# Work to complete
Only a slice of the listing below is wanted. Retype the lines from the one containing "Port Marlborough Pavilion" through the one containing "Barcelone, Espagne - 13", exactly, both ends included.

# Records for this task
============

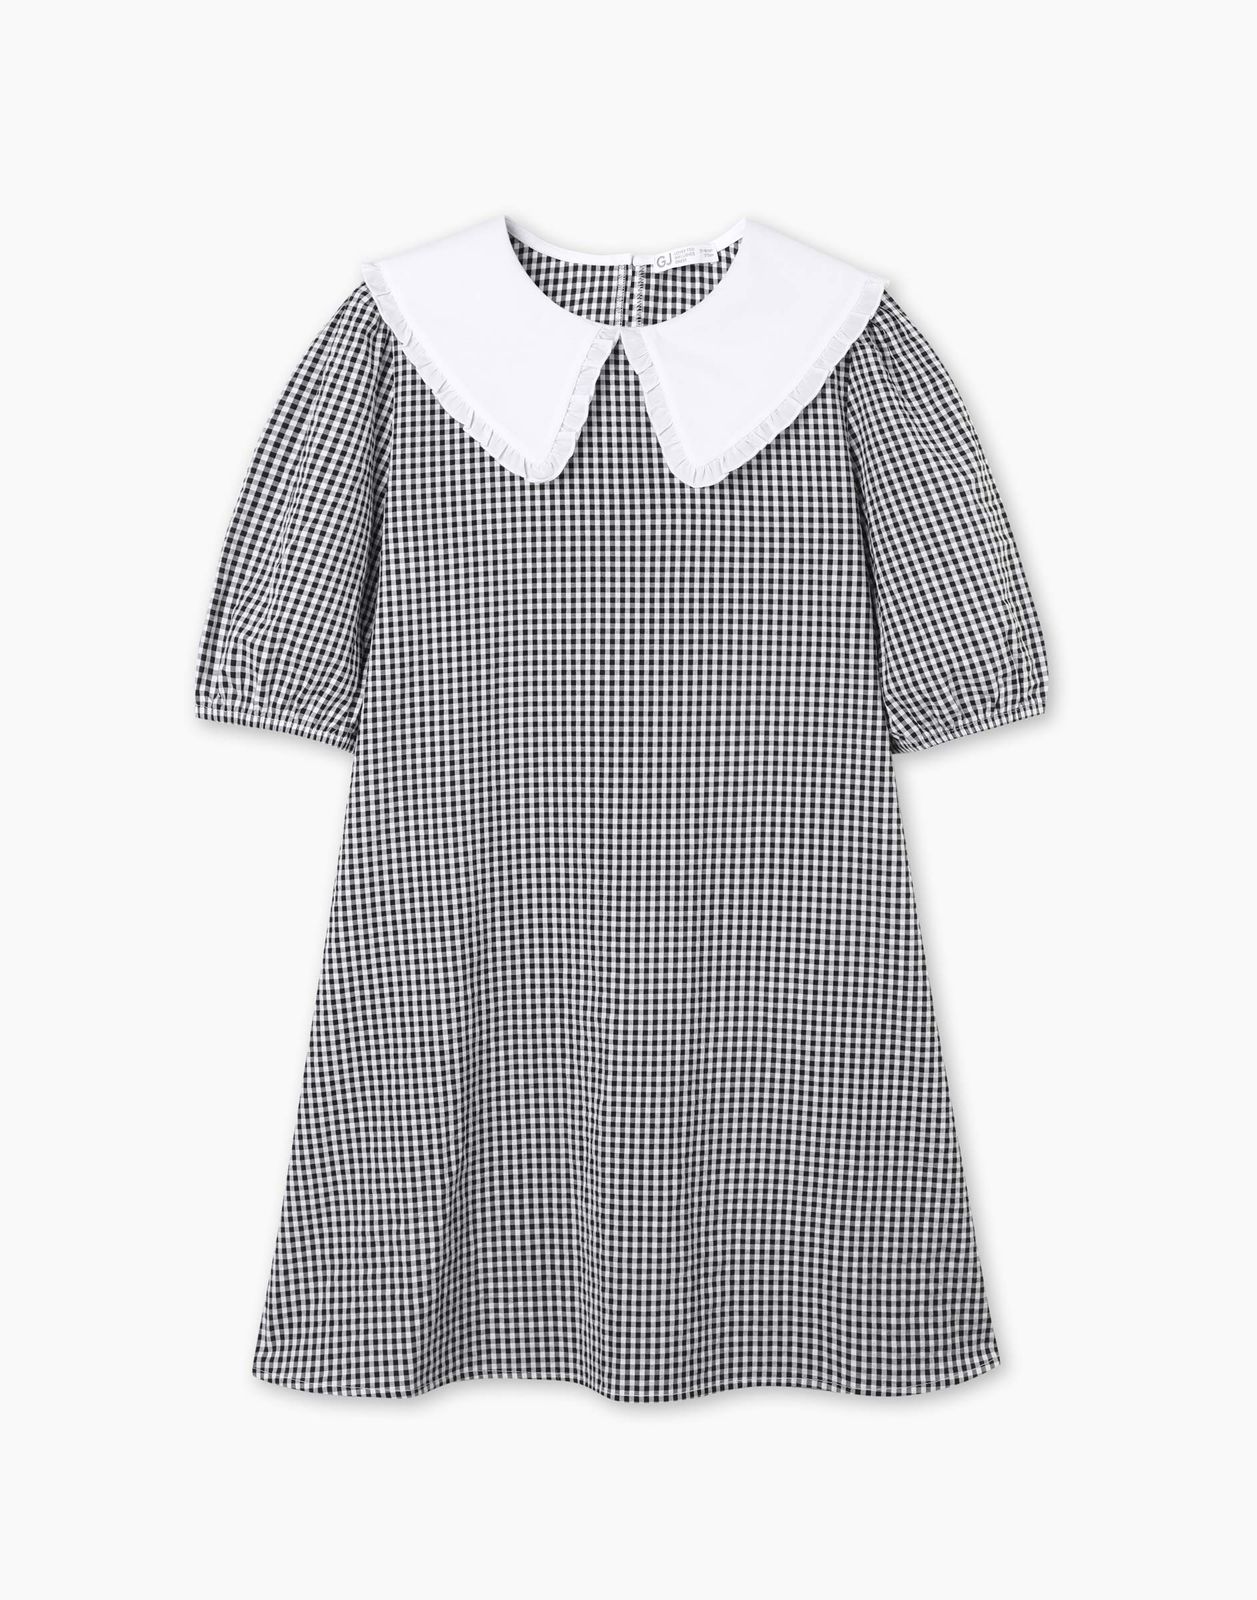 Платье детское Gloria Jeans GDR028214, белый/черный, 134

============

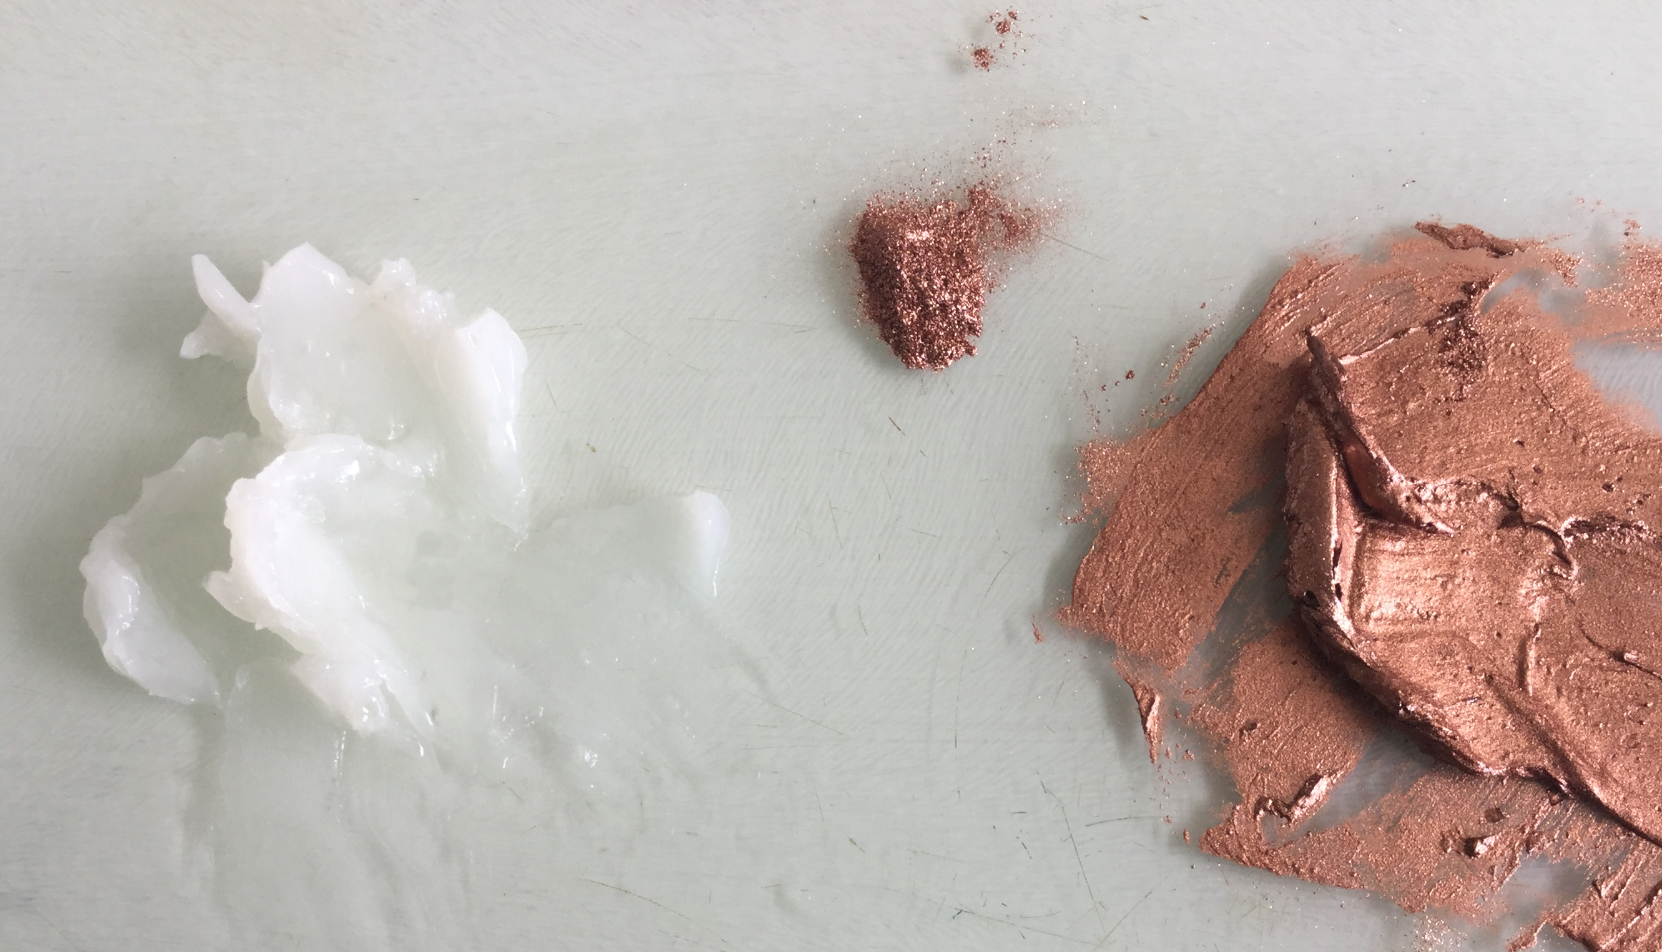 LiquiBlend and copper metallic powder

============

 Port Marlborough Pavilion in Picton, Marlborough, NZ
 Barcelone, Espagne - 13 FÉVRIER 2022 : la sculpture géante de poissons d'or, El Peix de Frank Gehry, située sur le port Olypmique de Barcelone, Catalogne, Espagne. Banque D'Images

============

# Response to this task
 Port Marlborough Pavilion in Picton, Marlborough, NZ
 Barcelone, Espagne - 13 FÉVRIER 2022 : la sculpture géante de poissons d'or, El Peix de Frank Gehry, située sur le port Olypmique de Barcelone, Catalogne, Espagne. Banque D'Images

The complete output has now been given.